On any Friday after justices hear oral arguments on cases, behind closed doors, they traditionally poll the members of the court to see where each justice stands. The chief justice then assigns research and opinion writing duties to a justice among the majority. It is widely believed that after hearing arguments on Obamacare, Justice Roberts was part of a 5-4 majority that initially believed the case was unconstitutional and assigned himself opinion-writing duties but that he later changed his vote for reasons unknown. Did Justice Roberts change his vote? If so, why? Who … or what, influenced his decision?

In 2013, Justice Roberts wrote the 5-4 majority opinion that the appellants seeking to uphold Proposition 8 in California did not have standing and the lower courts’ rulings were allowed to stand and same-sex marriages officially became the norm in California. Conversely, Justice Roberts dissented in United States v. Windsor in which the 5-4 majority ruled that key parts of the Defense of Marriage Act were unconstitutional. The case allowed the federal government to recognize same-sex marriages. He also was in the minority in the Obergefell v. Hodges case, again 5-4, that same-sex couples had a right to marry. Thus Roberts voted three times on gay marriage issues.

Where his vote was needed, Justice Roberts was in the 5-4 majority supporting gay marriage. In those cases where 5 votes existed without him, he voted against. At best it is curious. Is it really so far-fetched in today’s brutal world of politics that someone with leverage influenced the chief justice’s decision-making on select cases?

In December 2018, Justices Roberts and Brett Kavanaugh joined the court’s four liberal justices in a denial for writ of certiorari, declining to hear a case brought by the states of Louisiana and Kansas to deny Medicaid funding to Planned Parenthood.

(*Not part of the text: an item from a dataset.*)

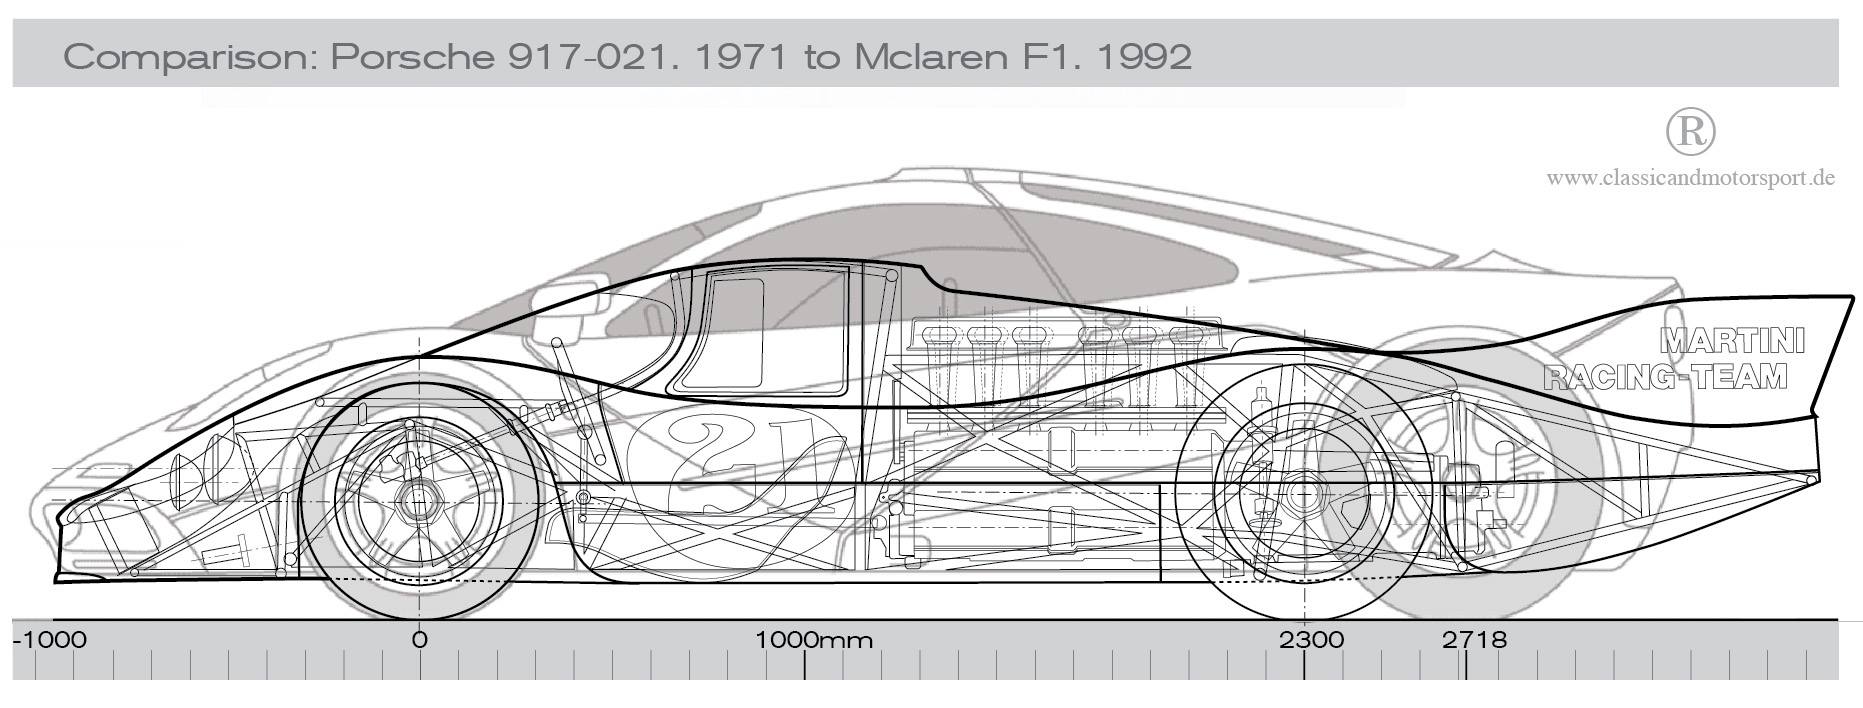 Porsche 917-042 LH & McLaren F1 — size comparison | Porsche cars history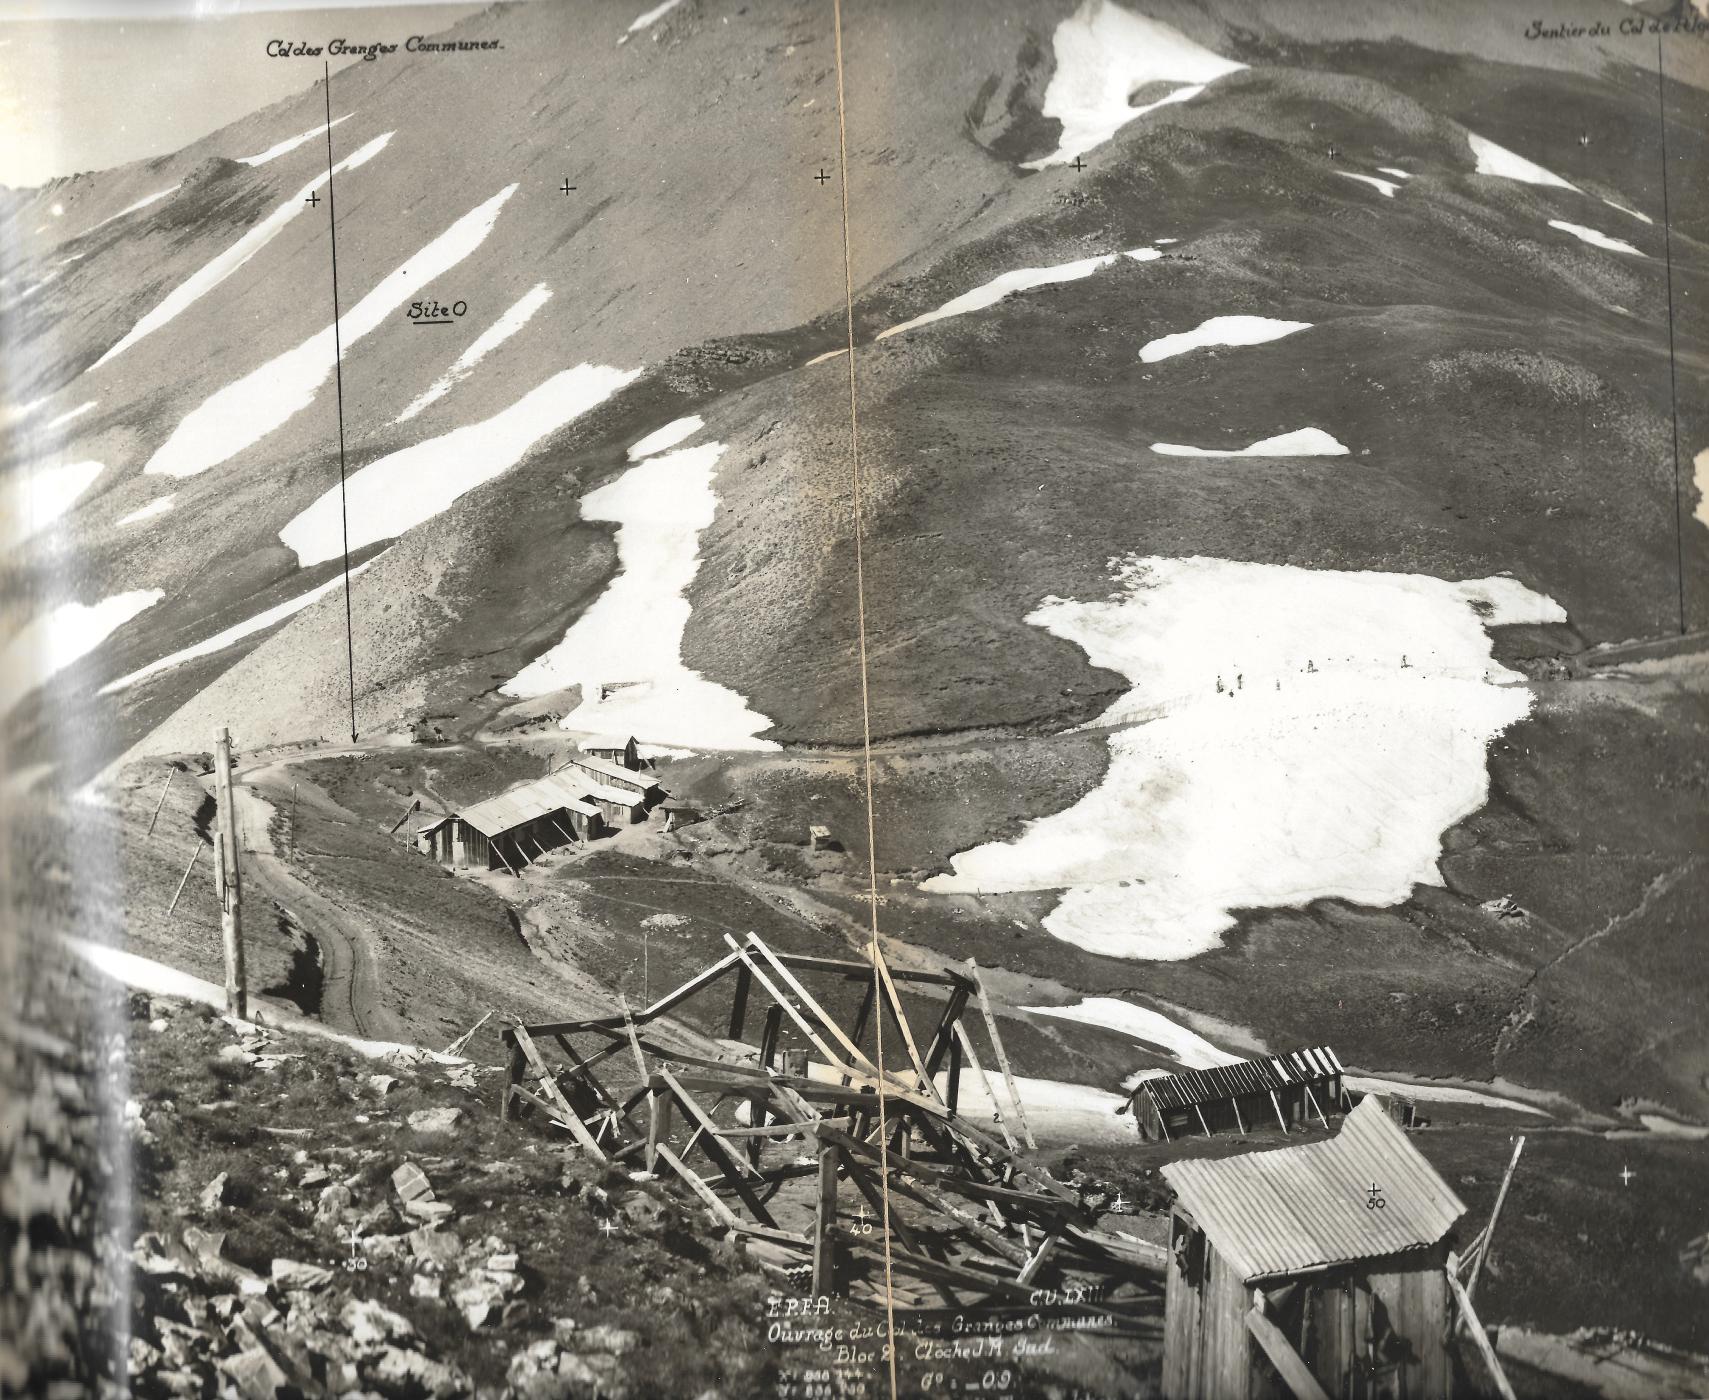 Ligne Maginot - GRANGES COMMUNES - (Ouvrage d'infanterie) - Photo du chantier en 1937, prise du sommet de l'ouvrage vers le col de Granges Communes

Because the Supreme Court declined to hear the case, the lower court rulings in favor of Planned Parenthood still stand.

Fast forward to February 2019 and Justice Roberts sided with the court’s liberal wing, again in a 5–4 decision, granting a stay to temporarily block a Louisiana abortion restriction.

Justice Roberts’ votes on these items were particularly curious because as a lawyer for the Reagan administration, he wrote legal memos defending a variety of administration policies on abortion and as a lawyer in the George H.W. Bush administration, Justice Roberts signed a legal brief urging the court to overturn Roe v. Wade. His deciding vote contradicted his lifetime of work. Why?

When one looks at Justice Roberts’ body of work, a complete picture of his votes on the Supreme Court, it would be categorized by most constitutional scholars as leaning to the right. When one looks specifically at touchstone liberal issues like abortion, gay rights and Obamacare, however, his votes veer noticeably and undeniably left. Is it possible that someone is, and please excuse the pun, judiciously exercising control over the chief justice on the high-profile, left-wing issues? What better way to have a stealth impact than to let Justice Roberts vote as he chooses, except in the most important of causes? In a more genteel era the notion would be dismissed out of hand. In the current rough and tumble world of Washington, it isn’t far fetched at all.

What Justice Kavanaugh endured was brutal and shameful. Using embarrassing details of one’s life or, worse yet, manufacturing false ones, is unforgivable. Yet, it is not the worst thing that could happen. Using compromising information to pull the strings of a Supreme Court Justice and control major elements of culture and society is far worse.

Surely worse for the justice, but also far worse for you, me and every other American depending on the judicial system to work in the best interest of the public at large.